When America was once a bustling thriving nation, the youth hoped to be doctors, lawyers, engineers, astronauts, innovators…

Now, they want to make mindnumbing videos for consumption by soulless phone-absorbed drones on TikTok.

A troubling new survey by Higher Visibility shows that over one in three members of Generation Z hopes to become an influencer on social media. The results varied by region, but it showed that 41.1 percent of people in the West strive to become YouTube influencers. The number dipped to 38.9 percent in the Northeast, 36.1 percent in the south, and 33.2 percent in the Midwest.

Additionally, 20 percent of Gen Z males responded that being an influencer was their only possible career path. This is higher than the 13 percent of females who believe the same. 27 percent of Gen Z plan to become a social media influencer after leaving school, and nearly 25 percent of Gen Z demands for schools to teach how to become a social media influencer.

What inspires Gen Z to want to become social media influencers? Crass materialism. 62 percent of poll respondents said that getting free swag would be the best thing about being an influencer. This is followed in importance by making money (62 percent) and meeting other influencers (60.5%) as the best things about the lifestyle.
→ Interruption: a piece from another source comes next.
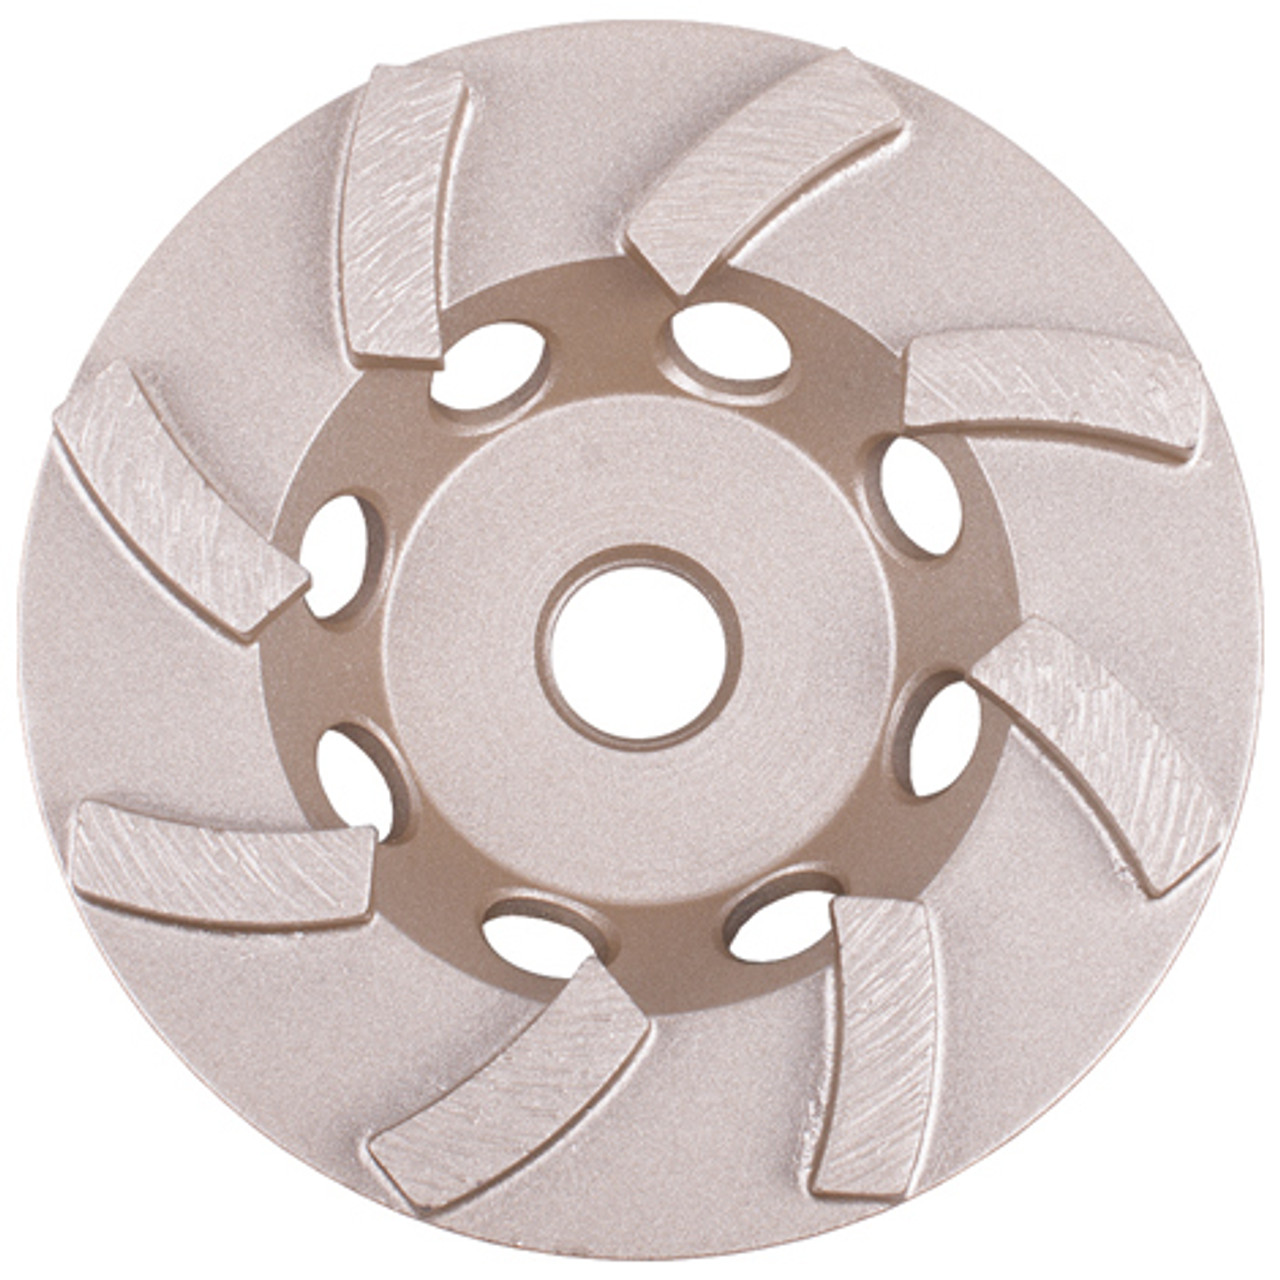 Diamond Vantage 5 x 7/8-5/8 inch Turbo Single Cup Wheel, X1 Standard Grade

The preferred app for influencing, of course, is the Chinese-owned subversion tool, TikTok. 37 percent of Gen Z choose TikTok as their preferred platform with 21.7 percent preferring YouTube and 21.4 preferring Instagram. All of the other major platforms, like Twitch, Facebook and Twitter, lag behind drastically in terms of popularity among Gen Z.

Big League Politics has reported on the extreme cultural rot driven by technology that is manifesting itself through Generation Z:

Snowflakes in Generation Z are reportedly triggered by complete sentences and full stops in text message exchanges, according to new research from linguistic experts.

Research indicates that Generation Z feels intimidated by full stops, preferring to speak in fragmented English. Full stops are interpreted as angry and insincere, as the creep toward idiocracy continues.